The Reverse Split Amendment provides that, at the Reverse Split Effective Time, every 17 shares of our issued and outstanding common stock were automatically combined into one issued and outstanding share of common stock, without any change in par value per share. The Reverse Stock Split affected all or our shares of common stock outstanding immediately prior to the Reverse Split Effective Time. As a result of the Reserve Stock Split, proportionate adjustments have been made to the per share exercise price and/or the number of shares issuable upon the exercise or vesting of all stock options and warrants issued and outstanding immediately prior to the Reverse Split Effective Time, which resulted in a proportionate decrease in the number of shares of our common stock reserved for issuance upon exercise or vesting of such stock options and warrants, and, in the case of stock options and warrants, a proportionate increase in the exercise price of all such stock options and warrants. In addition, the number of shares reserved for issuance under our 2020 Plan (as defined below) immediately prior to the Reverse Split Effective Time has been reduced proportionately.

 

No fractional shares were issued as a result of the Reverse Stock Split. Stockholders of record who would otherwise have been entitled to receive a fractional share received a number of shares rounded up to the next whole share in lieu thereof. The Reverse Stock Split affected all stockholders proportionately and did not affect any stockholder’s percentage ownership of our common stock (other than the nominal effect of the treatment of fractional shares).

 

Our common stock began trading on The Nasdaq Capital Market on a split-adjusted basis when the market opened on October 31, 2023.
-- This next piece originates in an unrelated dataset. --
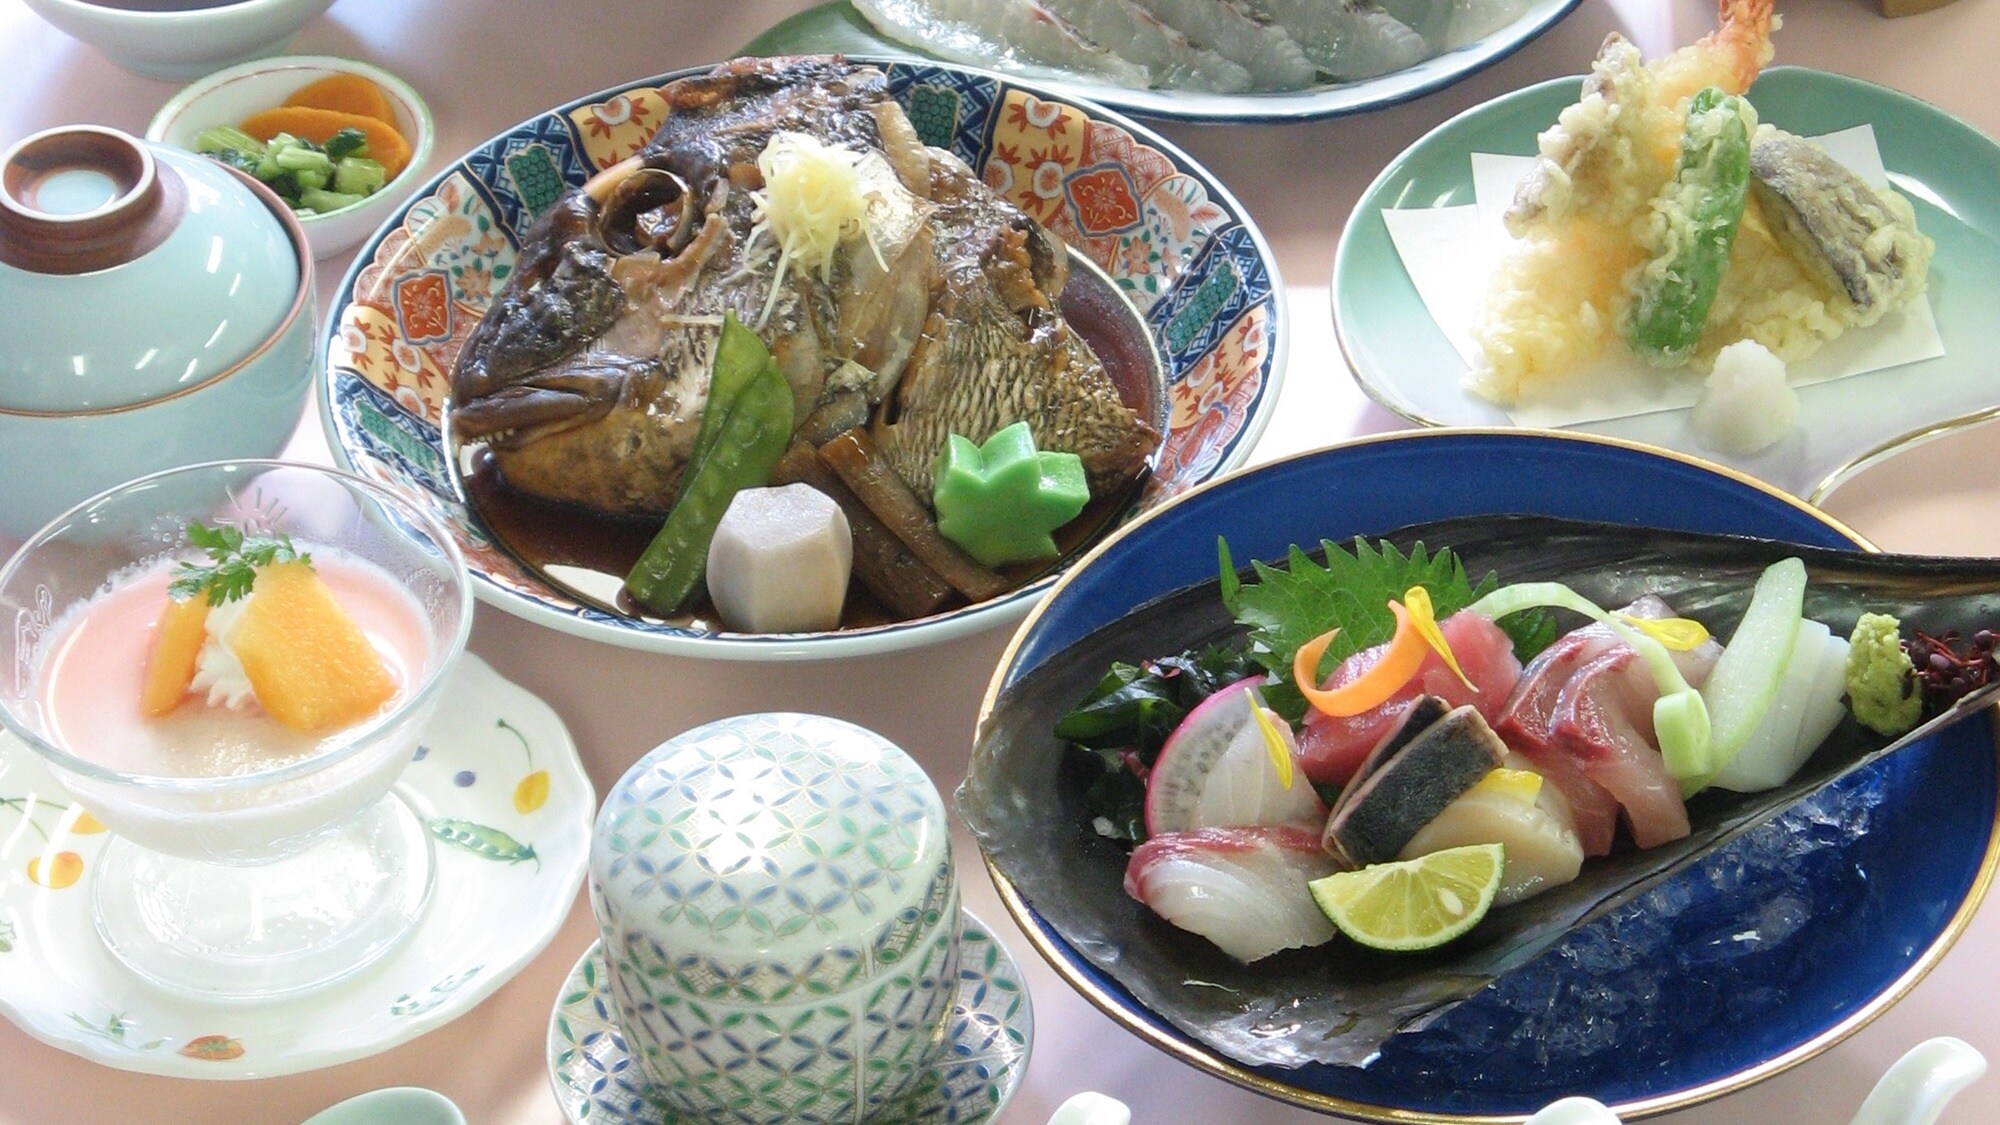 [แผนไม้ไผ่] และหลักสูตร "ทะเล" ที่ใช้อาหารทะเลมากมายจากเมืองไคโยโทคุชิมะ

All share and per share information referenced throughout this Form 10-Q has been retroactively adjusted to reflect the Reverse Stock Split. Any fractional shares resulting from the Reverse Stock Split have been rounded up to the nearest whole share.

Going Concern

The accompanying condensed financial statements have been prepared assuming the Company will continue to operate as a going concern, which contemplates the realization of assets and settlement of liabilities in the normal course of business, and do not include any adjustments to reflect the possible future effects on the recoverability and classification of assets or the amounts and classifications of liabilities that may result from uncertainty related to its ability to continue as a going concern.

The Company’s future liquidity and capital funding requirements will depend on numerous factors, including:

its ability to raise additional funds to finance its operations;
the outcome, costs and timing of clinical trial results for the Company’s current or future product candidates;
the emergence and effect of competing or complementary products;
its ability to maintain, expand and defend the scope of its intellectual property portfolio, including the amount and timing of any payments the Company may be required to make, or that it may receive, in connection with the licensing, filing, prosecution, defense and enforcement of any patents or other intellectual property rights;
its ability to retain its current employees and the need and ability to hire additional management and scientific and medical personnel; and
the terms and timing of any collaborative, licensing or other arrangements that it has or may establish.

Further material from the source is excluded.